After a lengthy career as a sports writer for The Dallas Morning News and other publications, Stowers found fame in a very different field, as a true crime writer. His first true crime book, “Careless Whispers,” was published in 1986. It detailed the horrific rapes and murders of three teenagers at Lake Waco in 1982. The book’s central character was a dedicated patrol sergeant who refused to stop investigating until all four perpetrators were finally incarcerated.

Stowers said, “I was ready to reinvent myself from sports writing and move on to something different, after being in that business a lot of years.

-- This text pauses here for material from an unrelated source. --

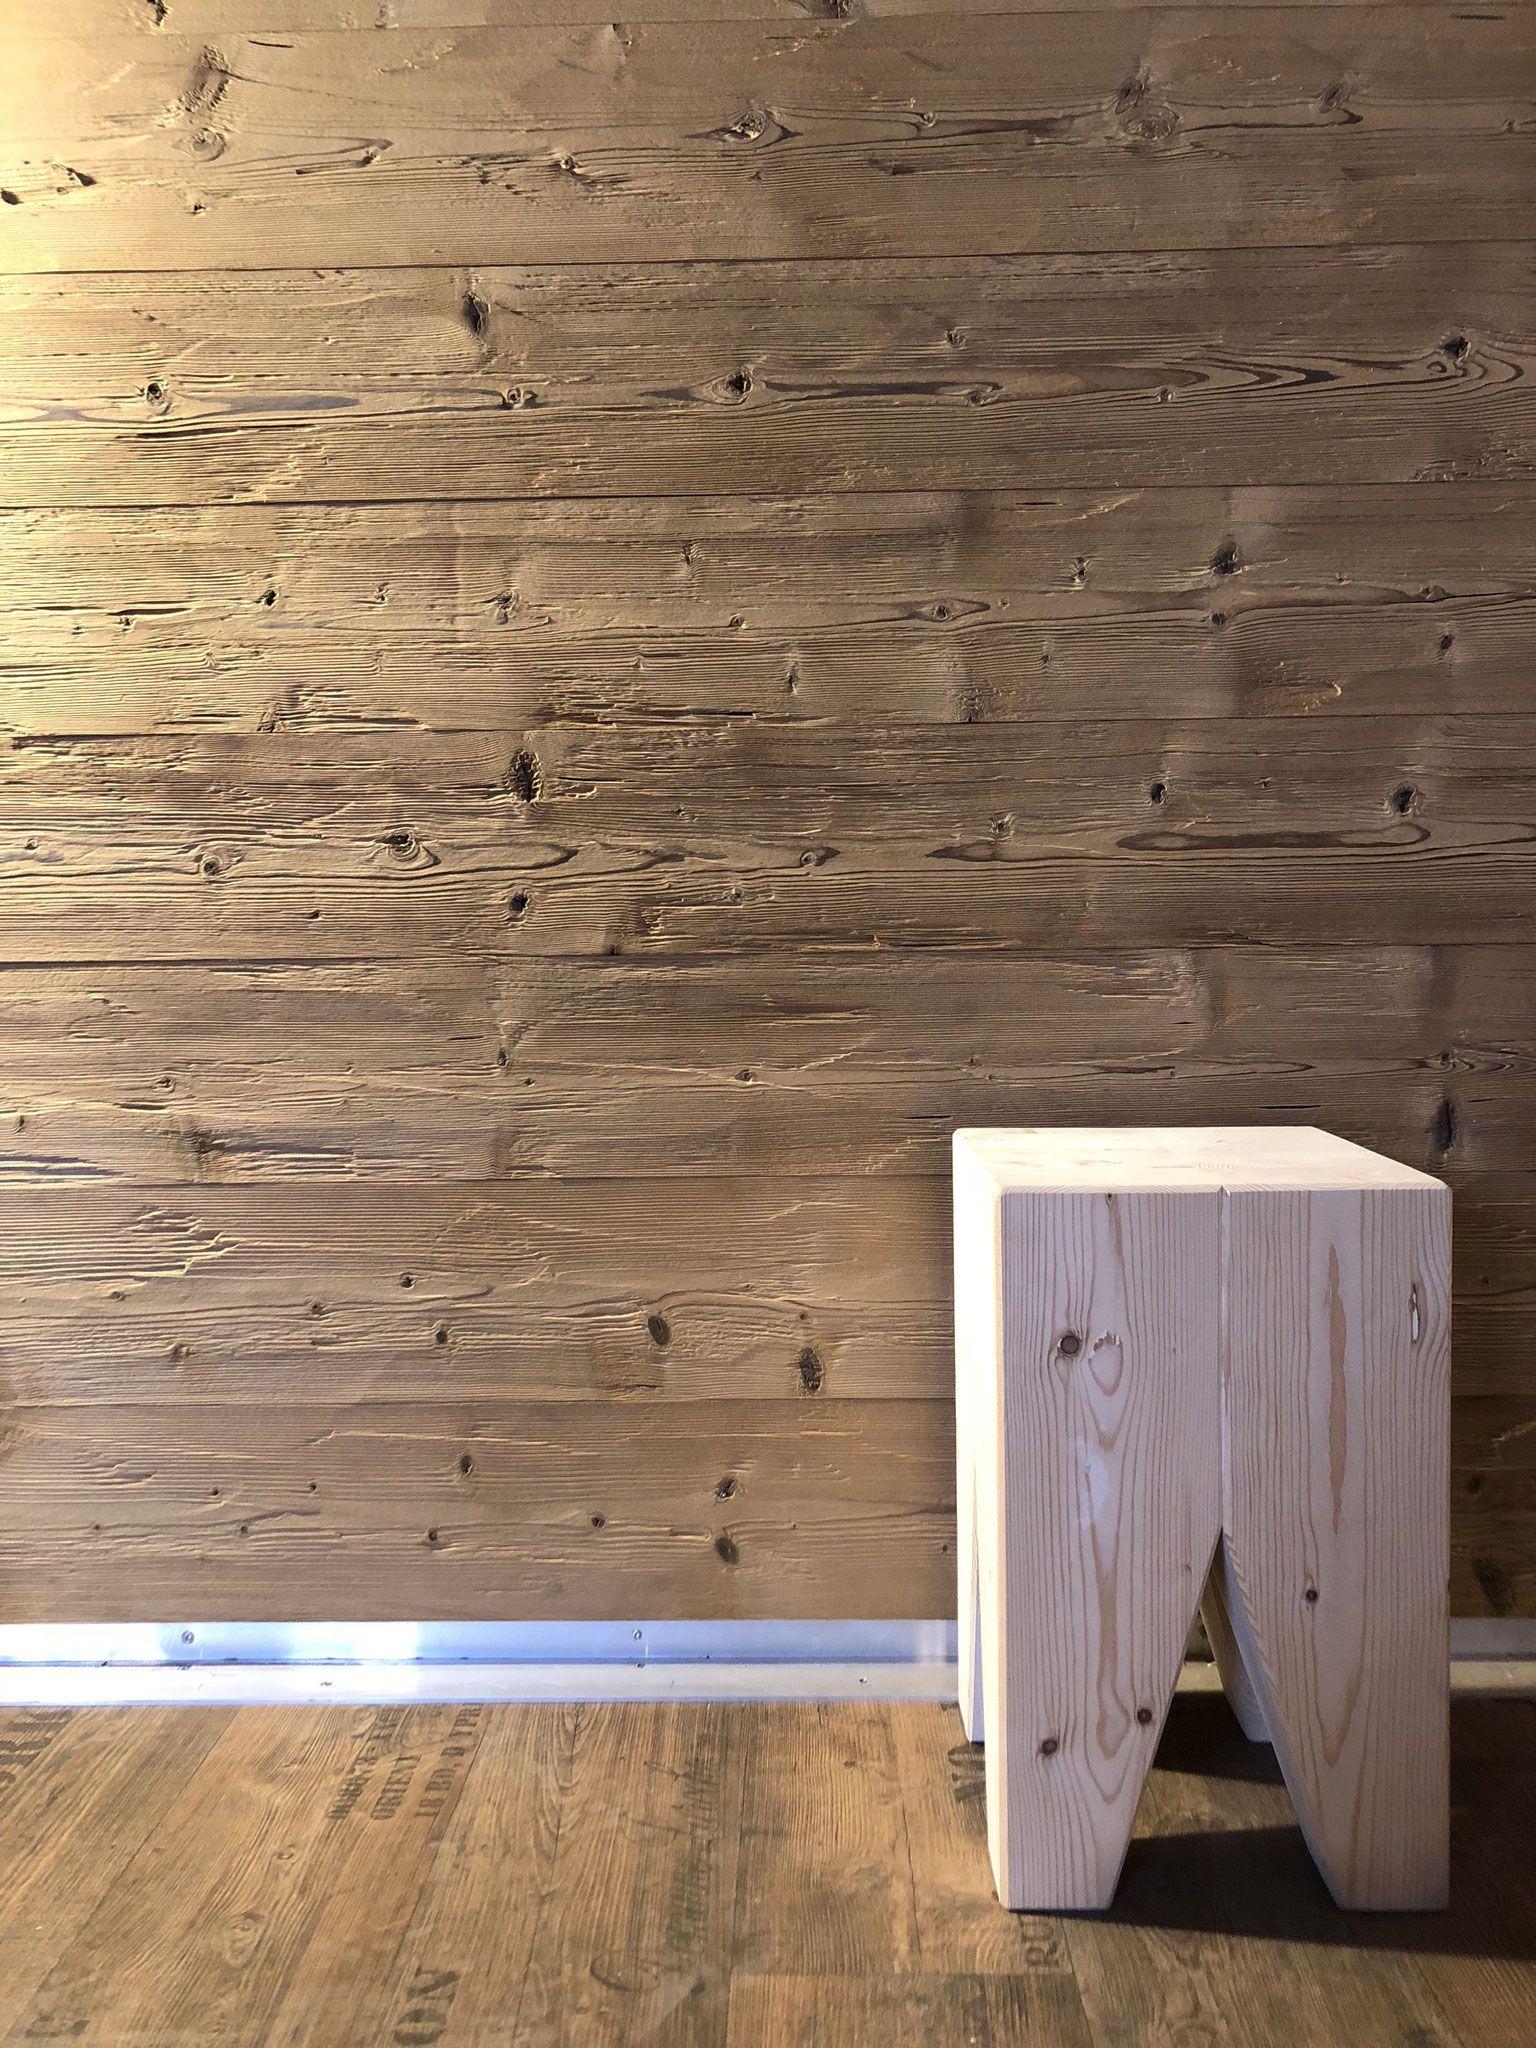 Vintage Holz Galerie Vintage Holz In 2020 Altholz Wandverkleidung Vintage Holz Wandverkleidung Holz

I stumbled into writing about crime, something I had never aspired to do. But after the success of ‘Careless Whispers,’ I was now labeled a true crime writer. I did that for a half dozen books or so, but it’s difficult to spend two years dealing with that kind of subject.”

Celebrated Texas Author Carlton Stowers Writing Westerns
Photo: Where Dreams Die Hard

True crime books “To the Last Breath” and “Careless Whispers,” won the Mystery Writers of America’s Edgar Allan Poe Award for Best Fact Crime Book for their year. Other award-winning, best-selling books during that period were “Scream at the Sky,” “Innocence Lost,” (nominated for a Pulitzer Prize), and “Open Secrets.” He also wrote an autobiographical “Sins of the Son.”

Carlton’s books have been selections for Book of the Month Club, Literary Guild, Doubleday Book Club, Mystery Book Club, and numerous others. Movie/TV production companies optioned five of his books. “Open Secrets” was the basis for an ABC mini-series, “Telling Secrets.” “To the Last Breath” was included in Readers’ Digest’s anthology, “Today’s Best Non-Fiction.” His work has been translated into Afrikaans, Dutch, French, German, Japanese, Spanish, and Swedish languages.